- _WHAT NEEDS TO BE DONE_:
Exactly the lines from the one containing "Adidas Originals School" through the one containing "Sofas Tarragona E6d5" in the listing below are to be copied, with the pictures left out.

- _RECORDS PROVIDED_:
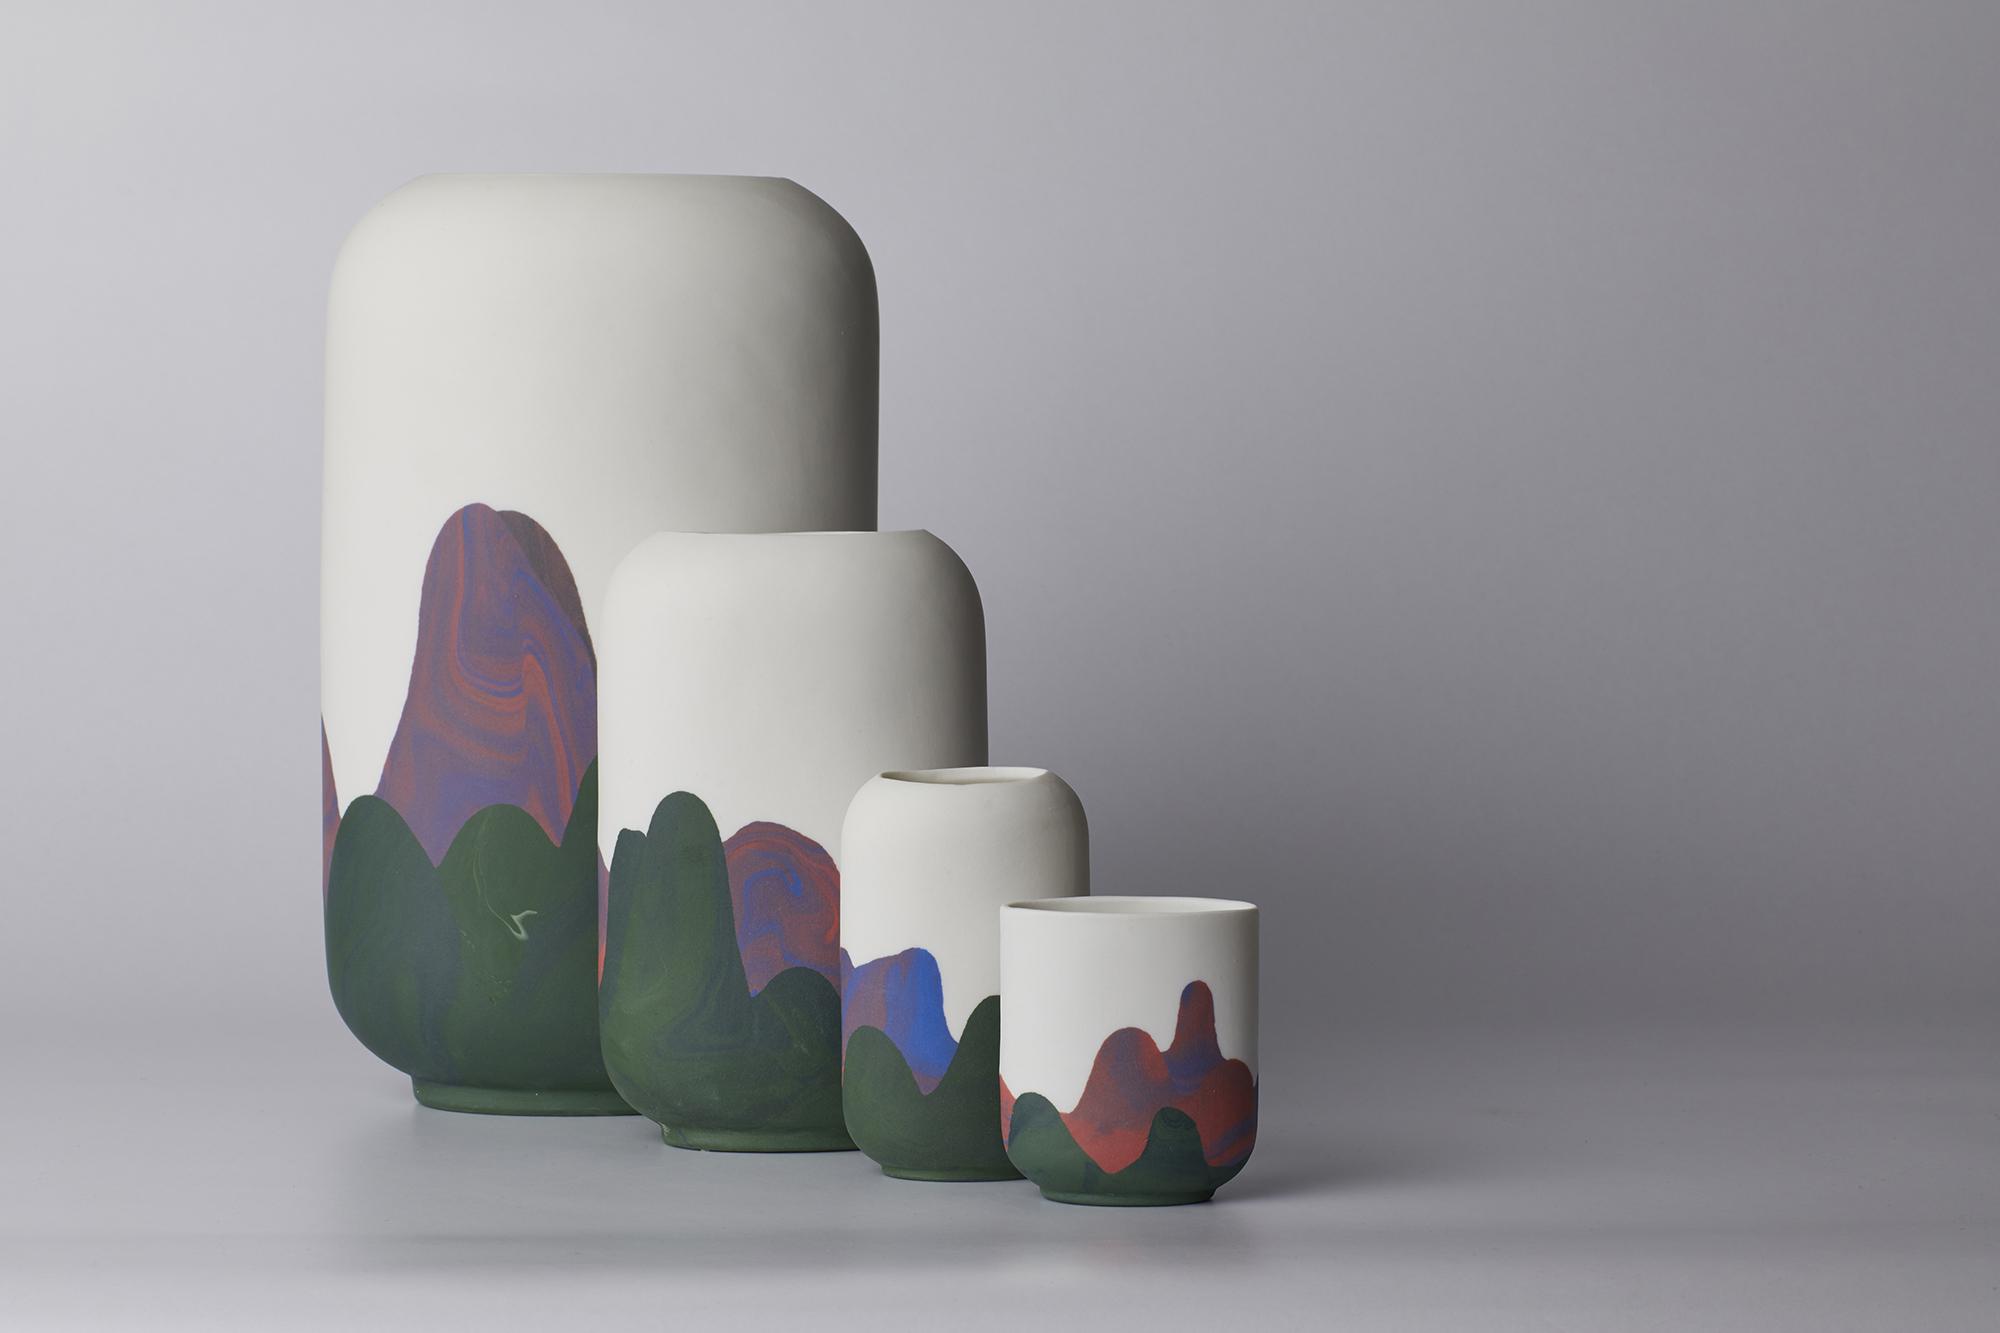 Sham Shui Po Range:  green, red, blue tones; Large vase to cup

==

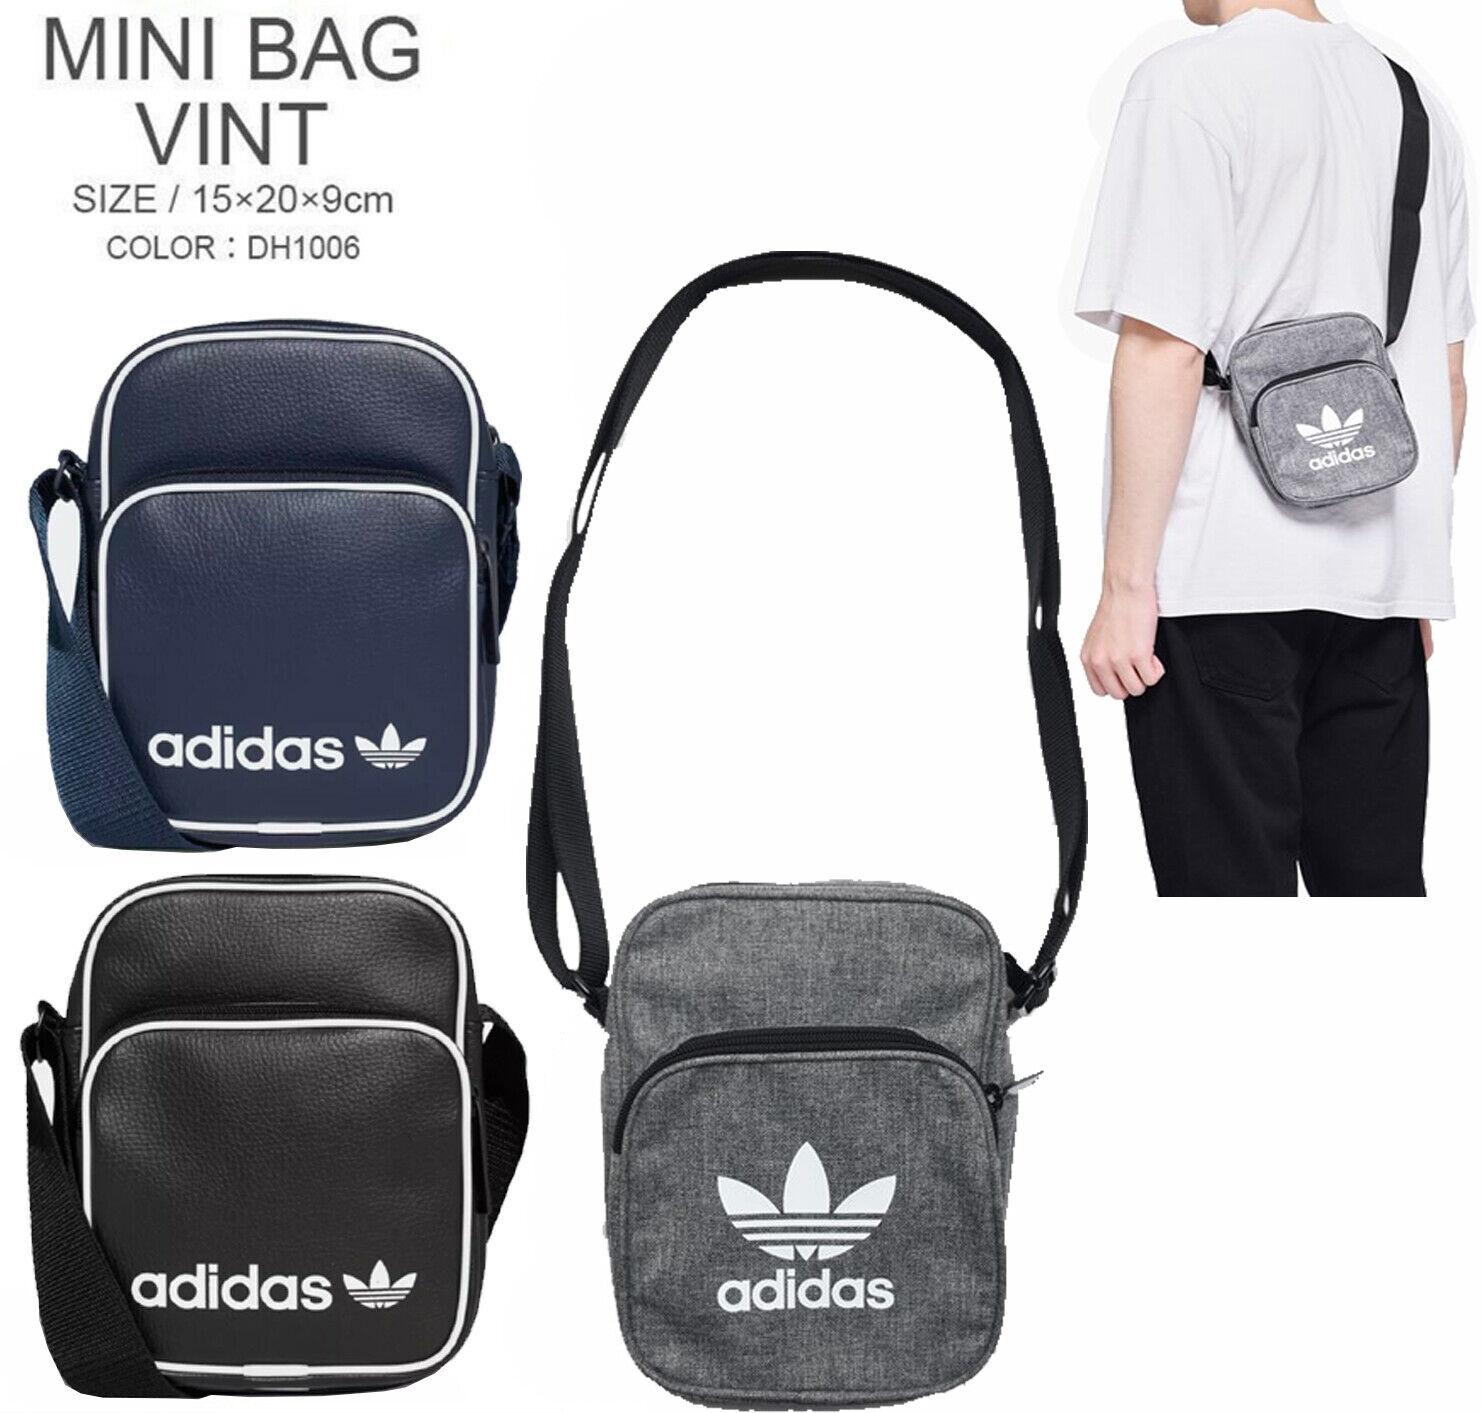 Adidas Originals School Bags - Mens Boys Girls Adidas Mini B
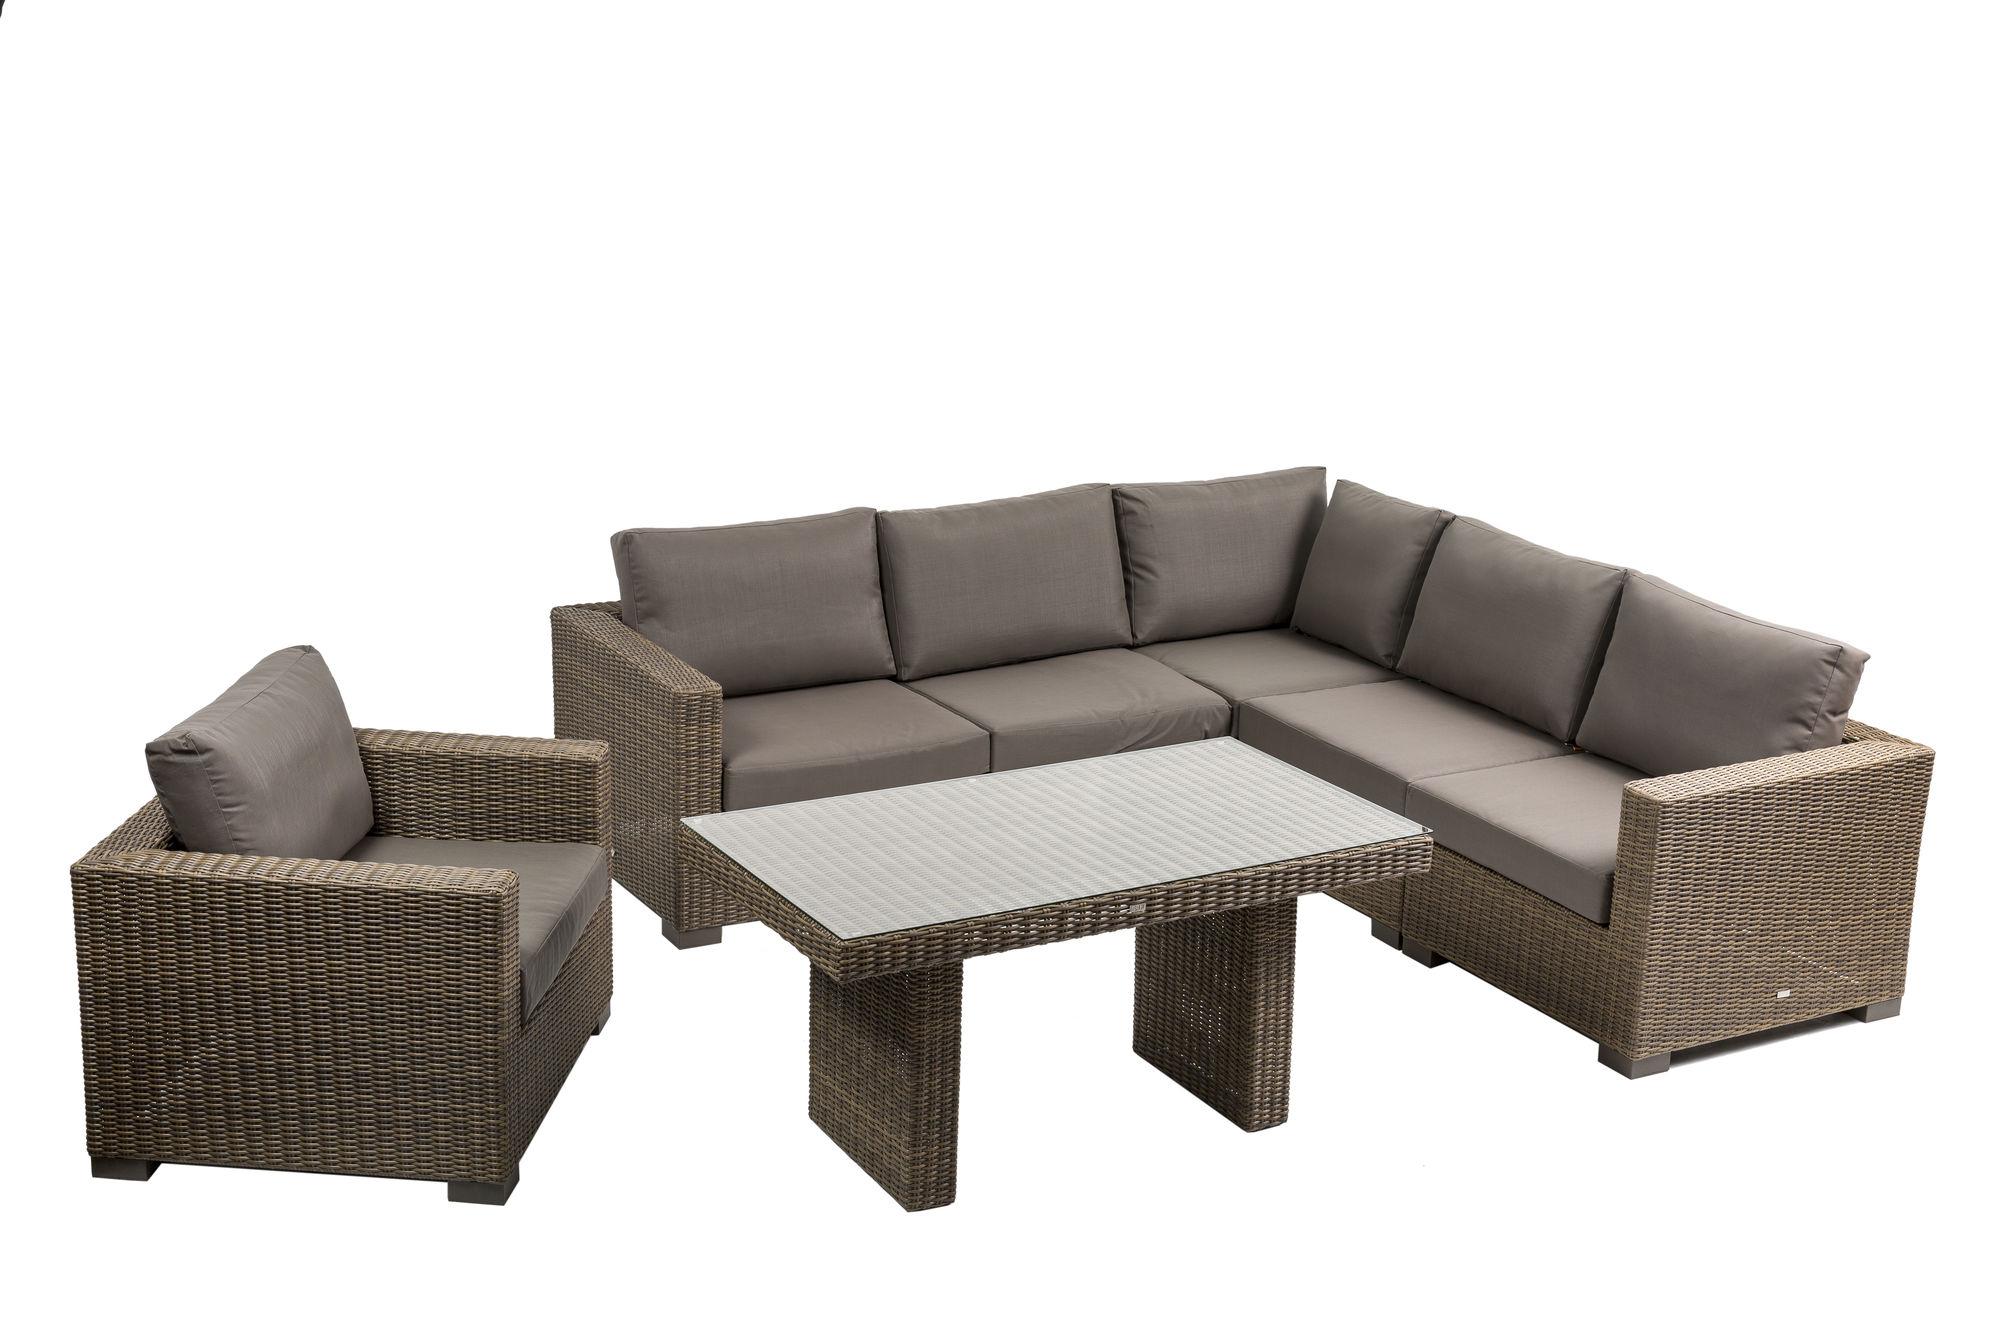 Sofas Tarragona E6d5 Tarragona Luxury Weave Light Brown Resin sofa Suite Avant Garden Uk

--

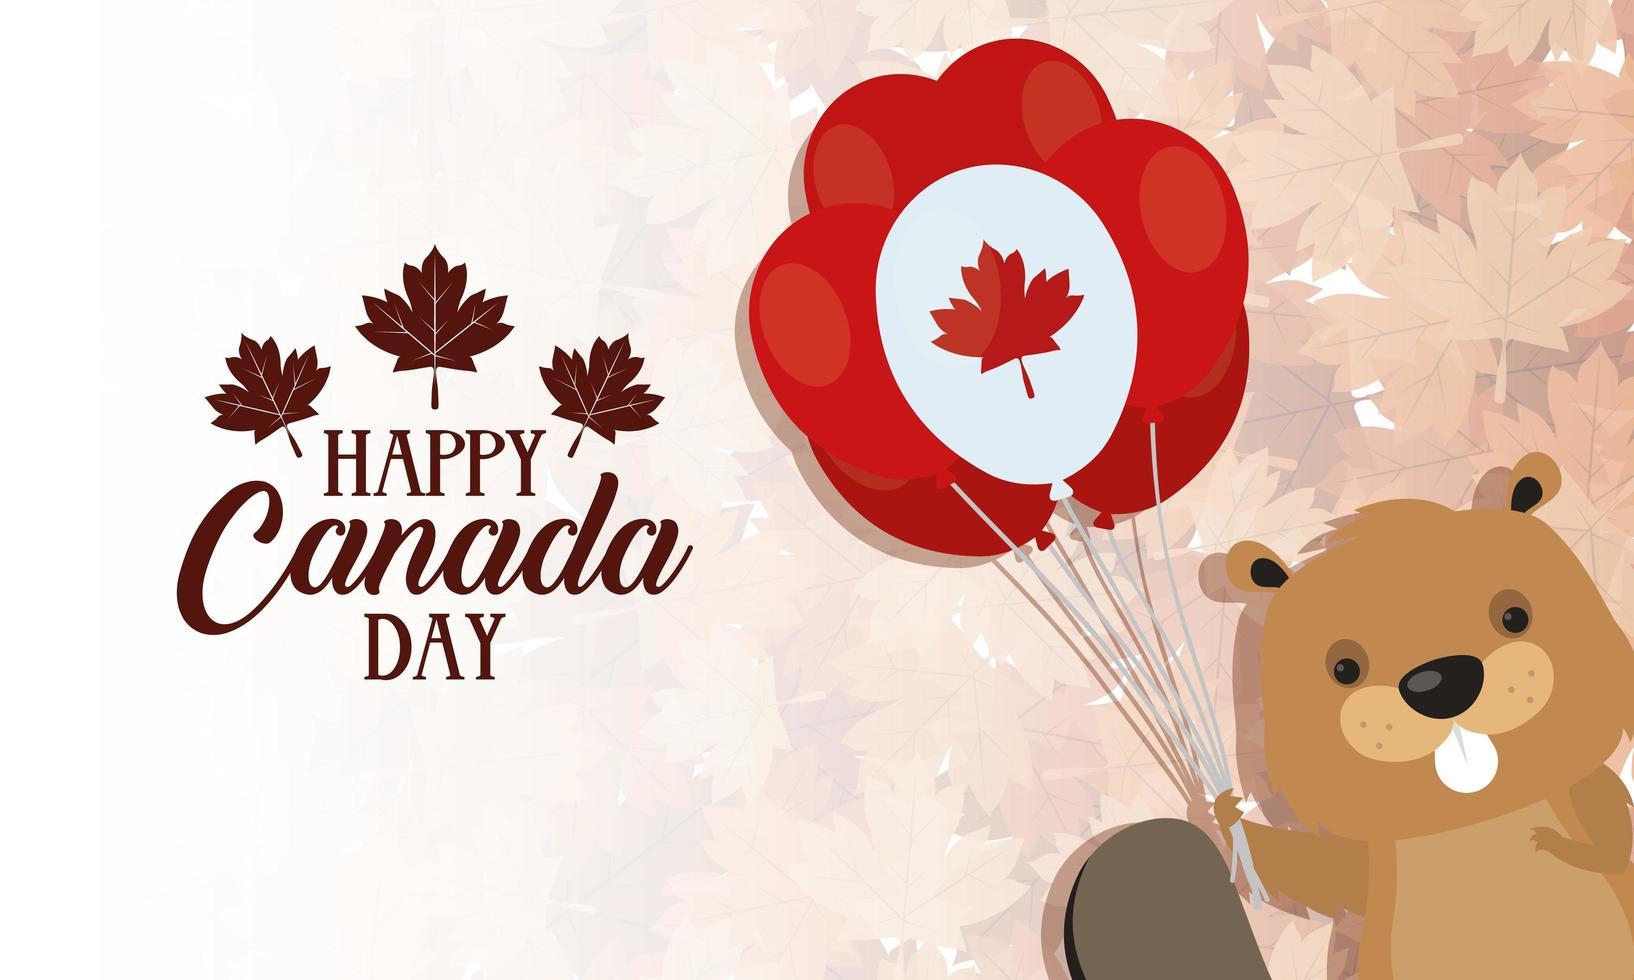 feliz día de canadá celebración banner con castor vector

- _EXPECTED ANSWER_:
 Adidas Originals School Bags - Mens Boys Girls Adidas Mini B
 Sofas Tarragona E6d5 Tarragona Luxury Weave Light Brown Resin sofa Suite Avant Garden Uk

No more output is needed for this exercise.